Task prompt: Only one stretch of the listing below is wanted. Give it again exactly, from the line with "Antler Starfish Carving" through the line with "La boda de John".

Study material:
**********

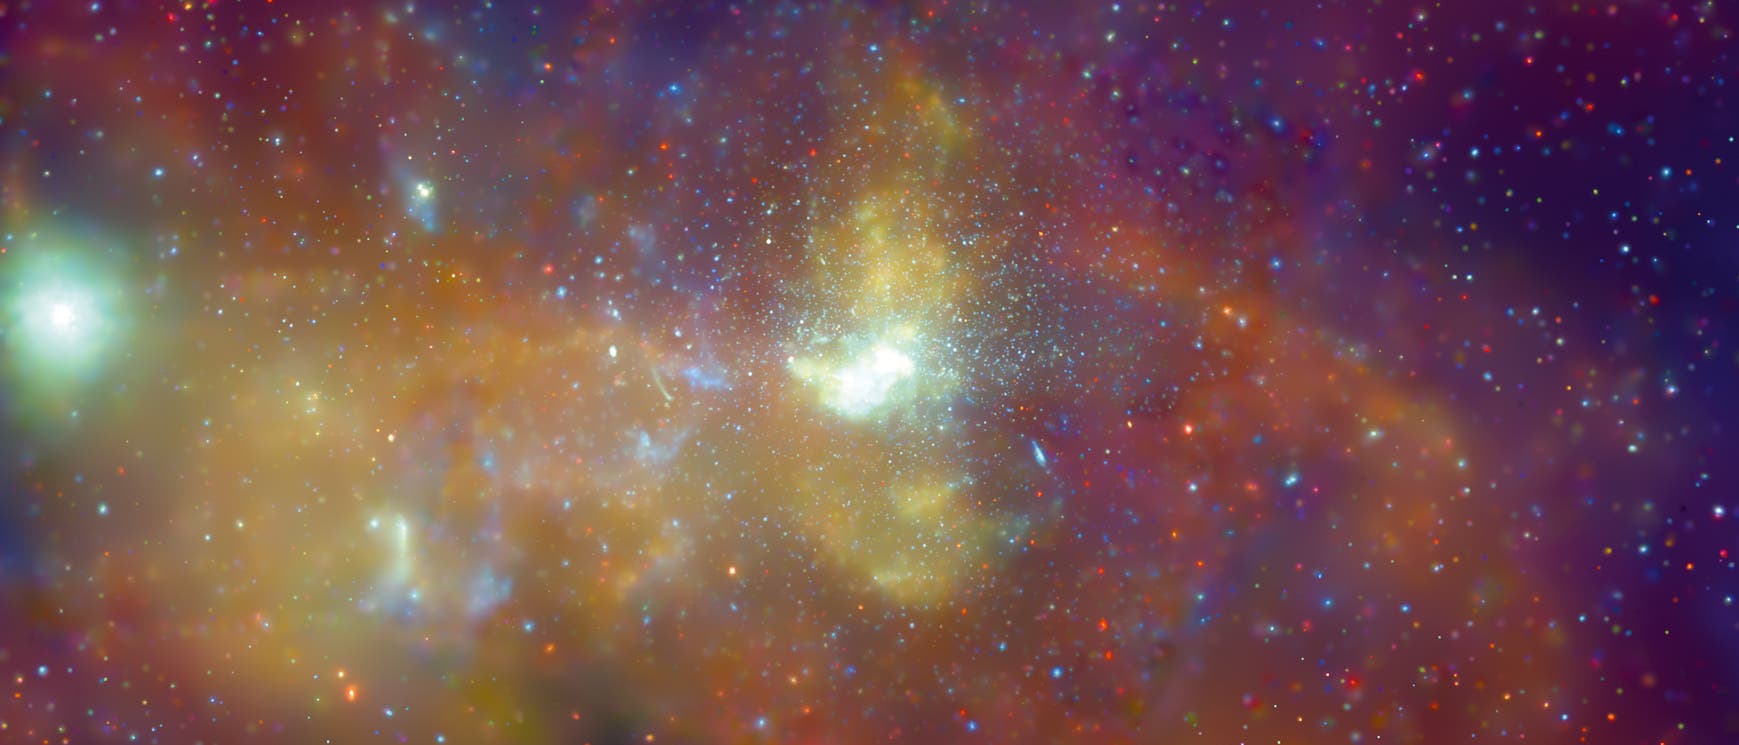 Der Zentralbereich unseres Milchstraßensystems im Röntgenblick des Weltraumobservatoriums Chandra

**********

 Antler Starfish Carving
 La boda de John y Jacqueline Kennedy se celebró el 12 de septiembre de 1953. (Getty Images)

**********

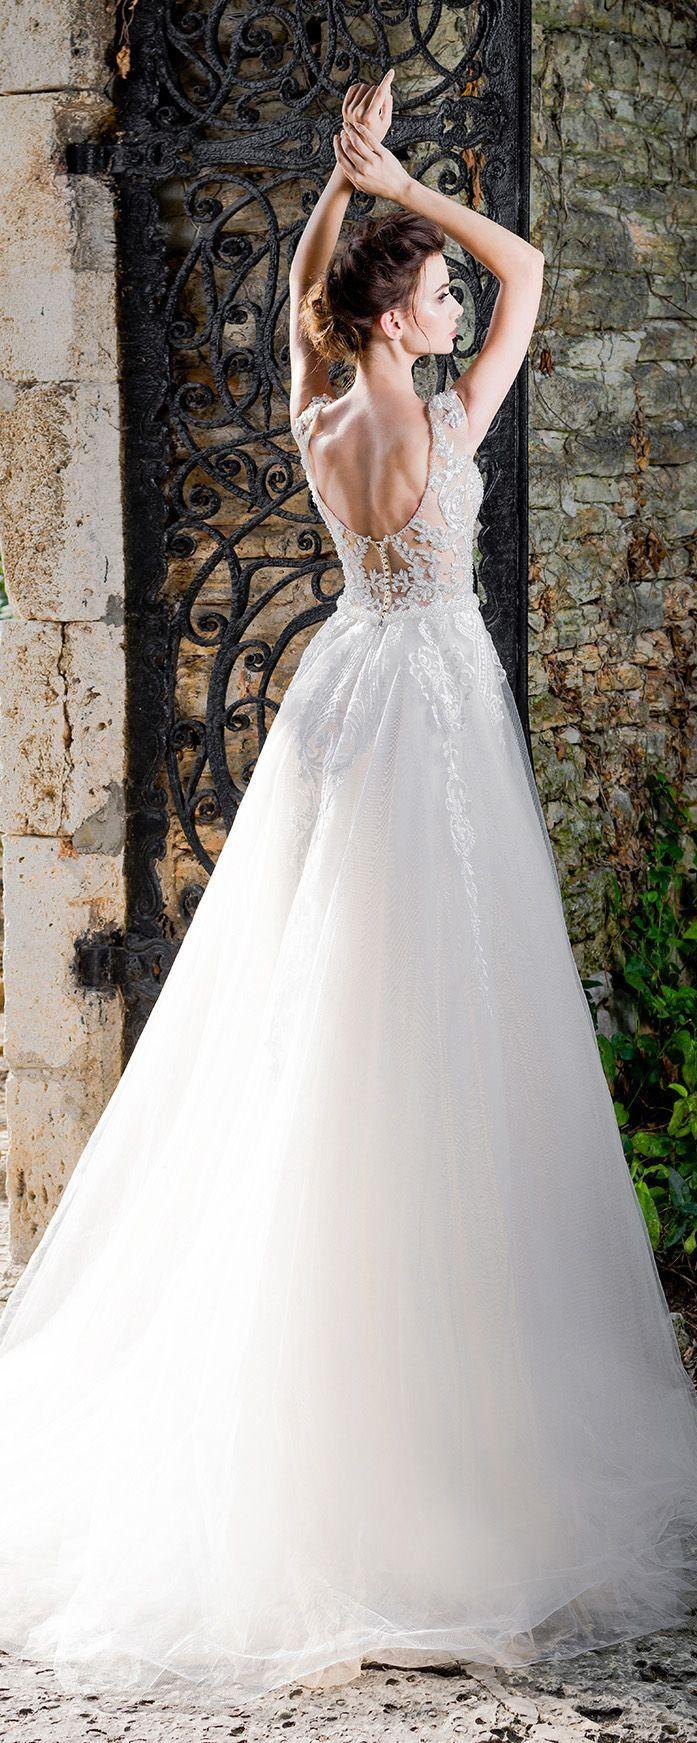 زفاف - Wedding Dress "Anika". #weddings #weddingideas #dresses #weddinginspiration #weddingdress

**********

Solution for this task:
 Antler Starfish Carving
 La boda de John y Jacqueline Kennedy se celebró el 12 de septiembre de 1953. (Getty Images)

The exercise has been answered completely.